### [EXERCISE AIM]
Write the data out again exactly, with every picture removed.

### [GIVEN DATA]
____________________
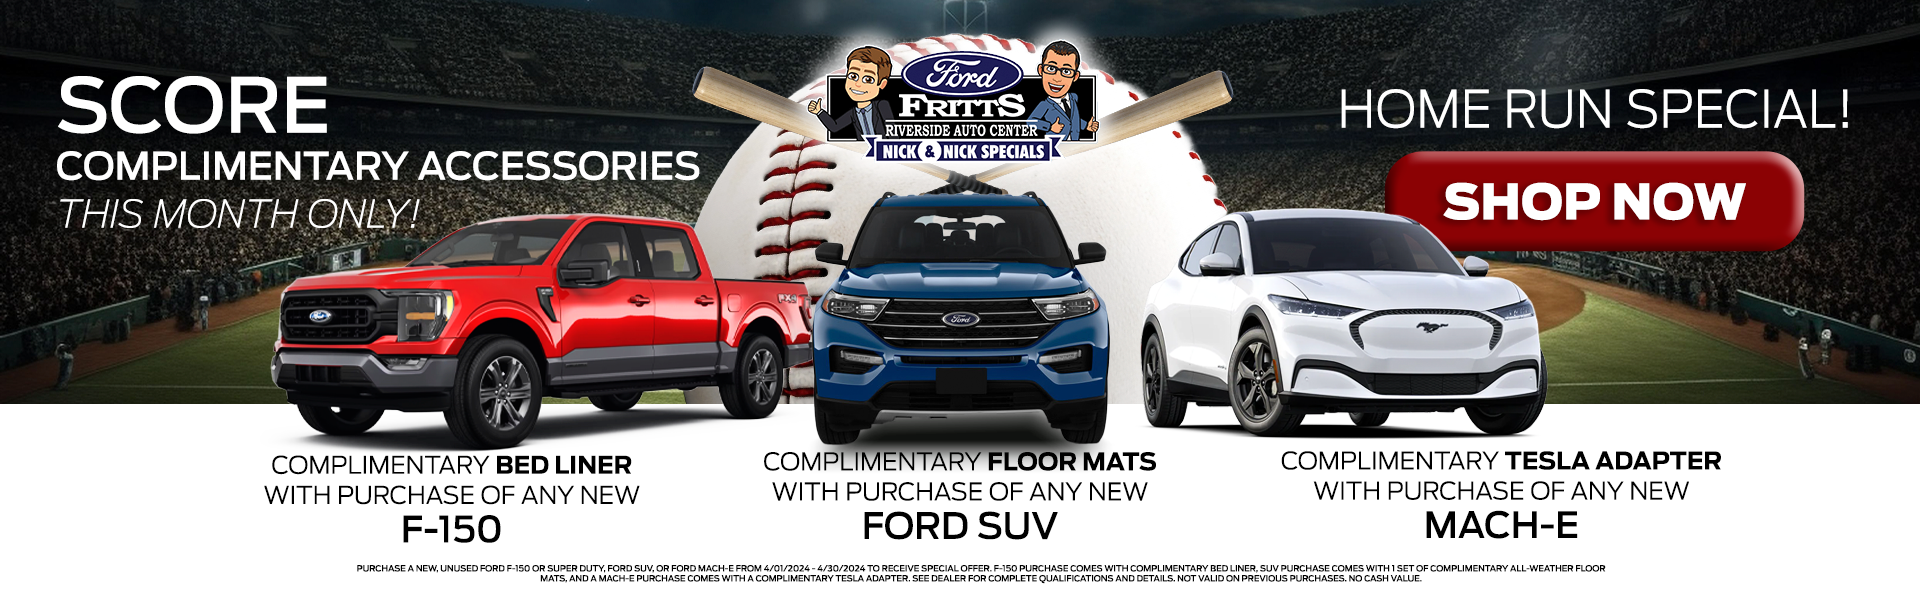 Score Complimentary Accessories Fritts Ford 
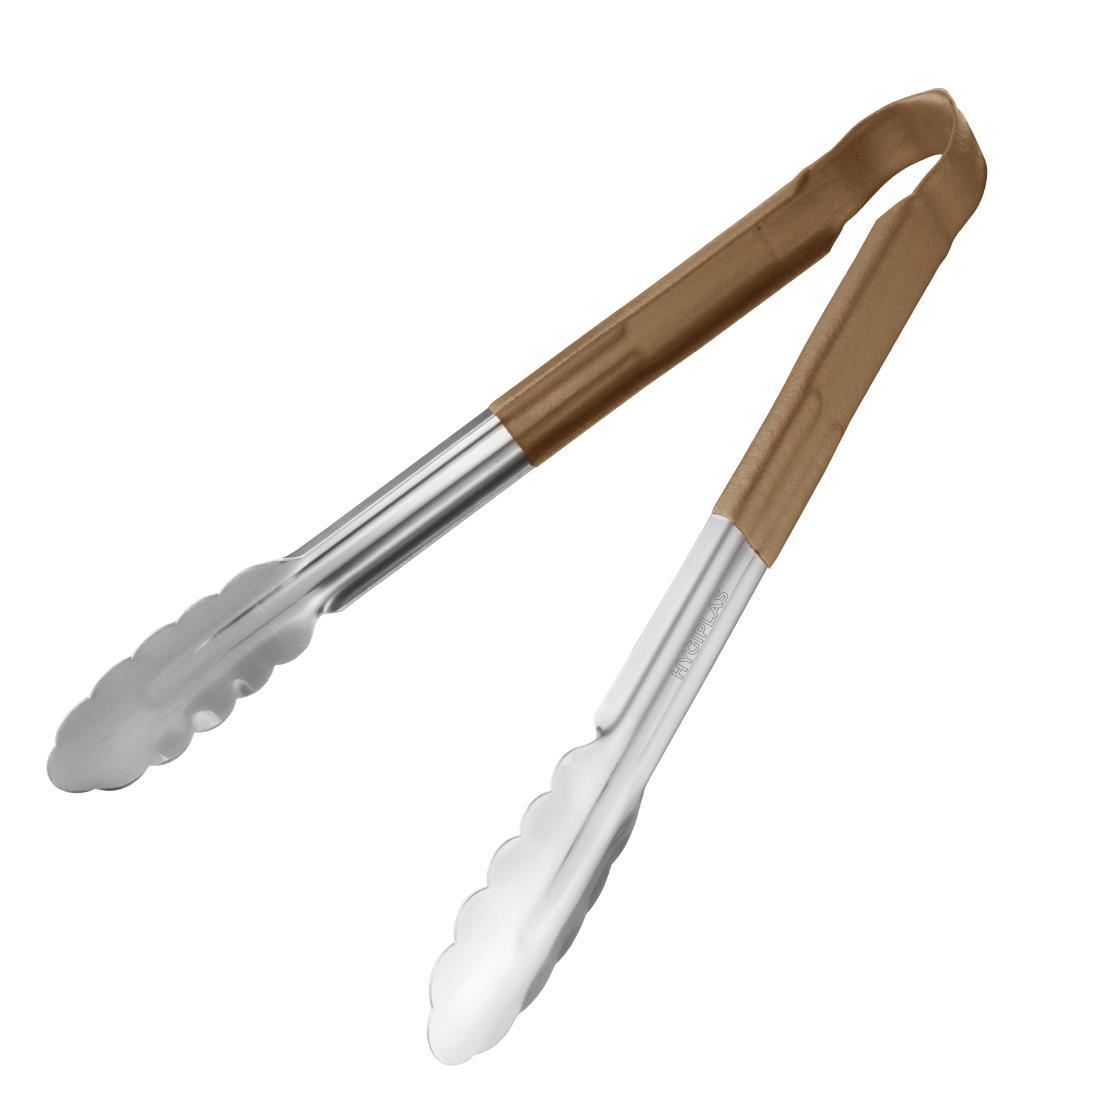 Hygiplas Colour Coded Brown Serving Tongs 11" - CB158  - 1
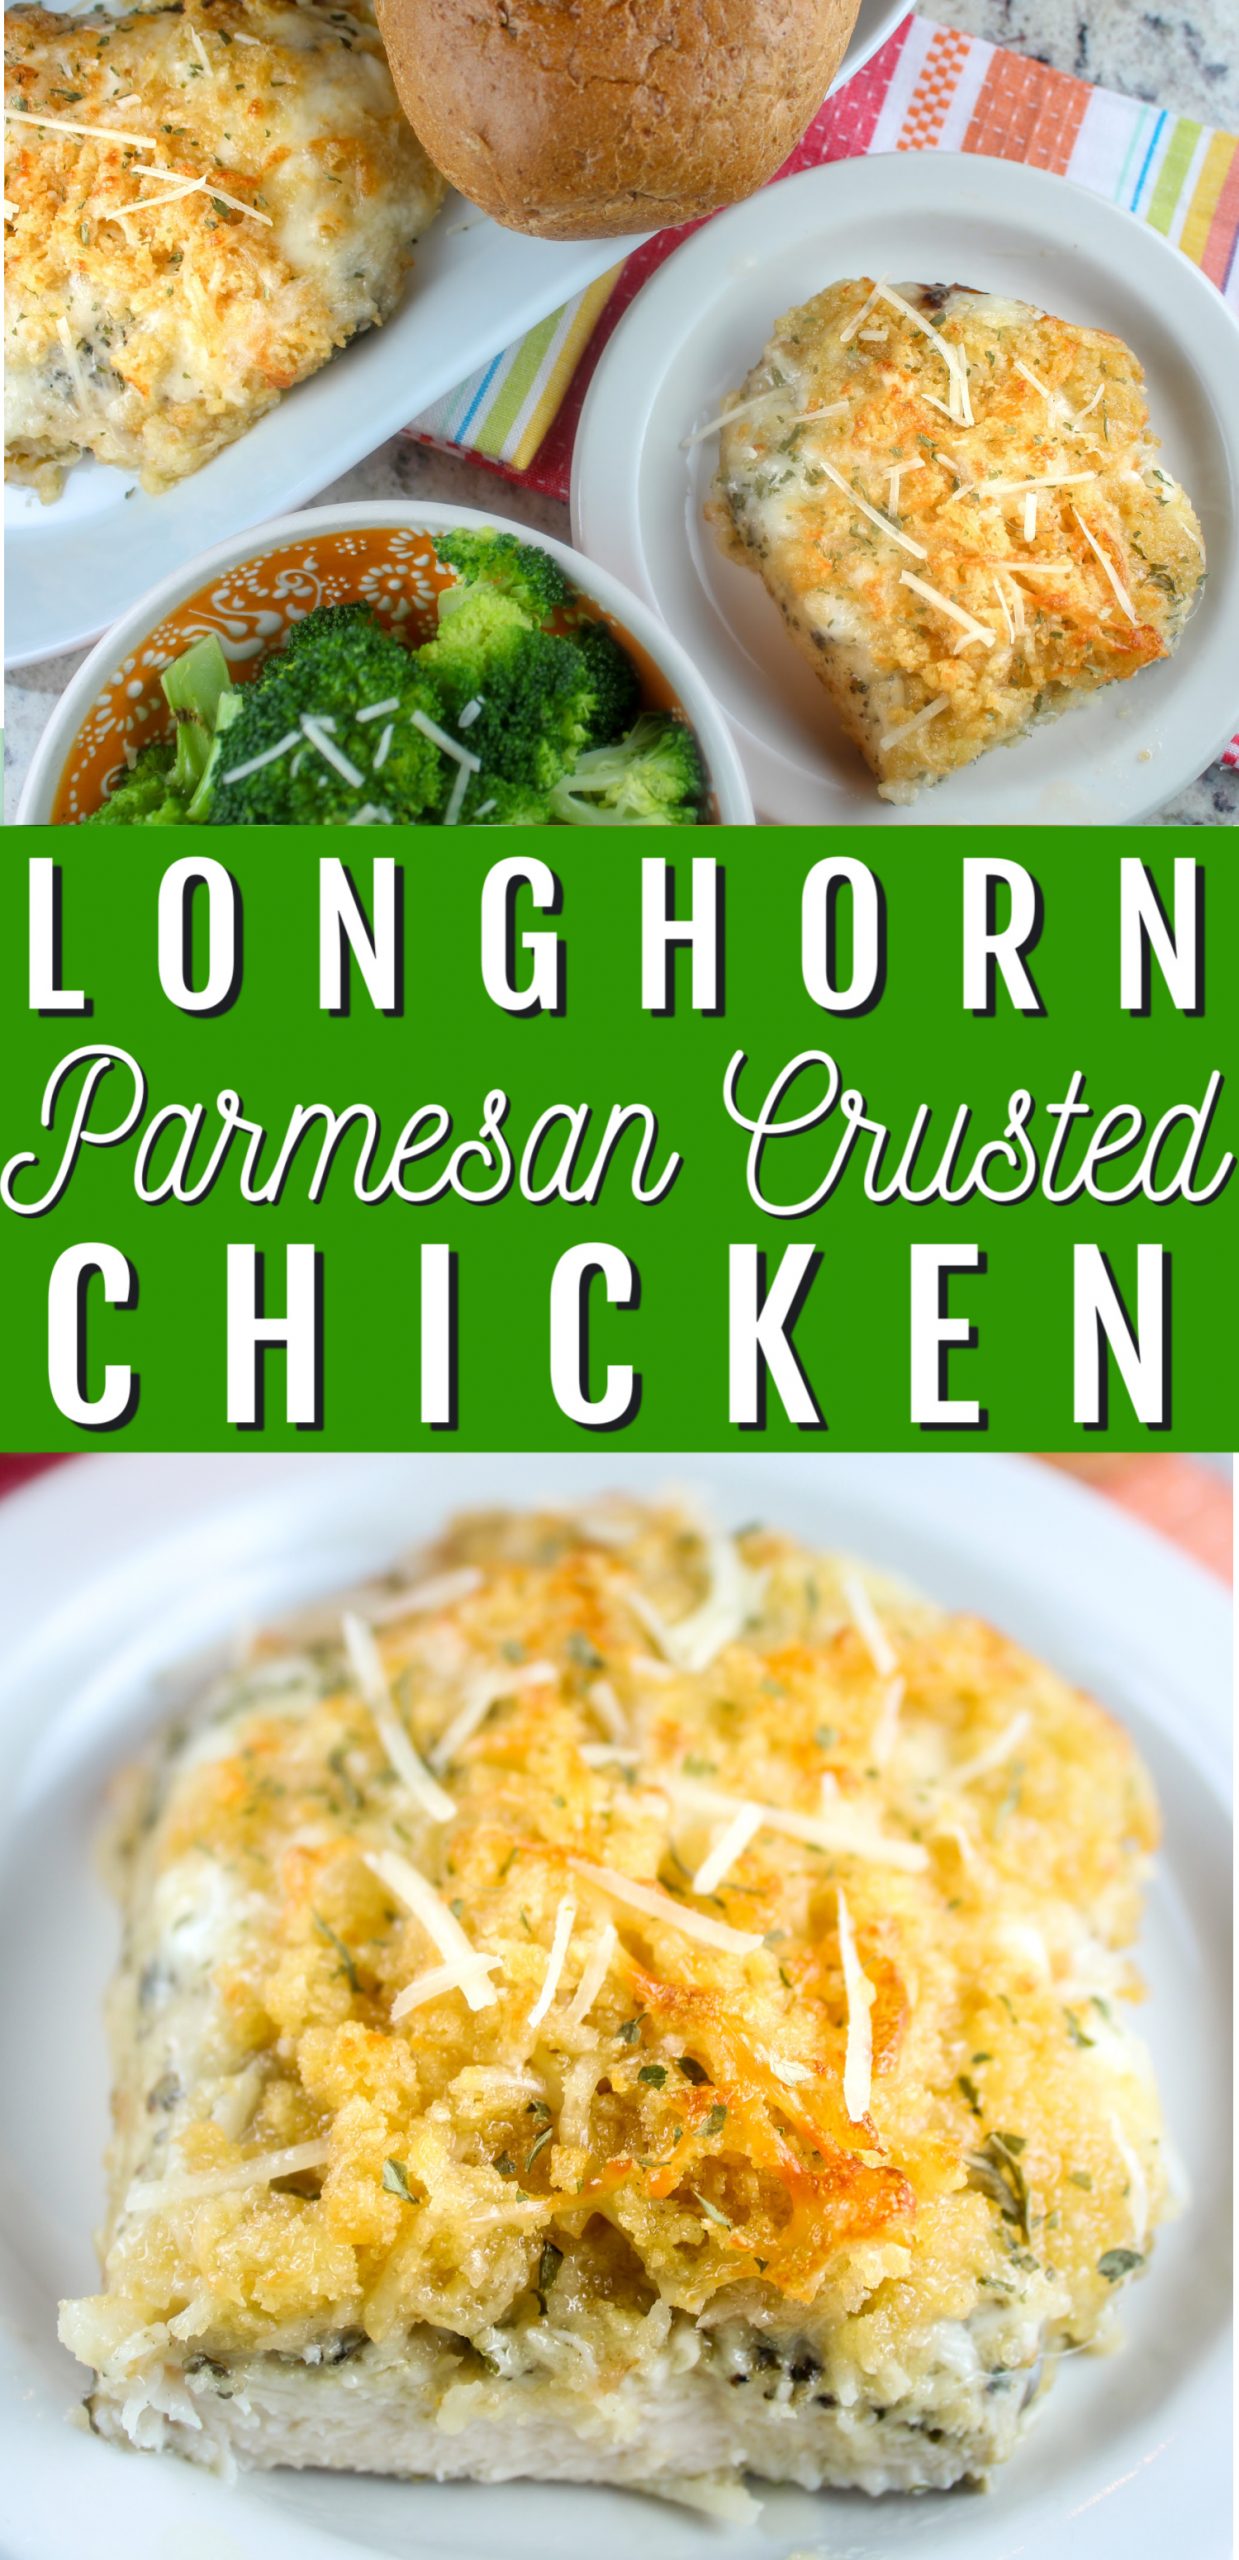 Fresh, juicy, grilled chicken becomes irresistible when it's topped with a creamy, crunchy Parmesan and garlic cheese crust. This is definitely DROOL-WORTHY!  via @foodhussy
____________________
### [WRITTEN RESPONSE]
 Score Complimentary Accessories Fritts Ford 
 Hygiplas Colour Coded Brown Serving Tongs 11" - CB158  - 1
 Fresh, juicy, grilled chicken becomes irresistible when it's topped with a creamy, crunchy Parmesan and garlic cheese crust. This is definitely DROOL-WORTHY!  via @foodhussy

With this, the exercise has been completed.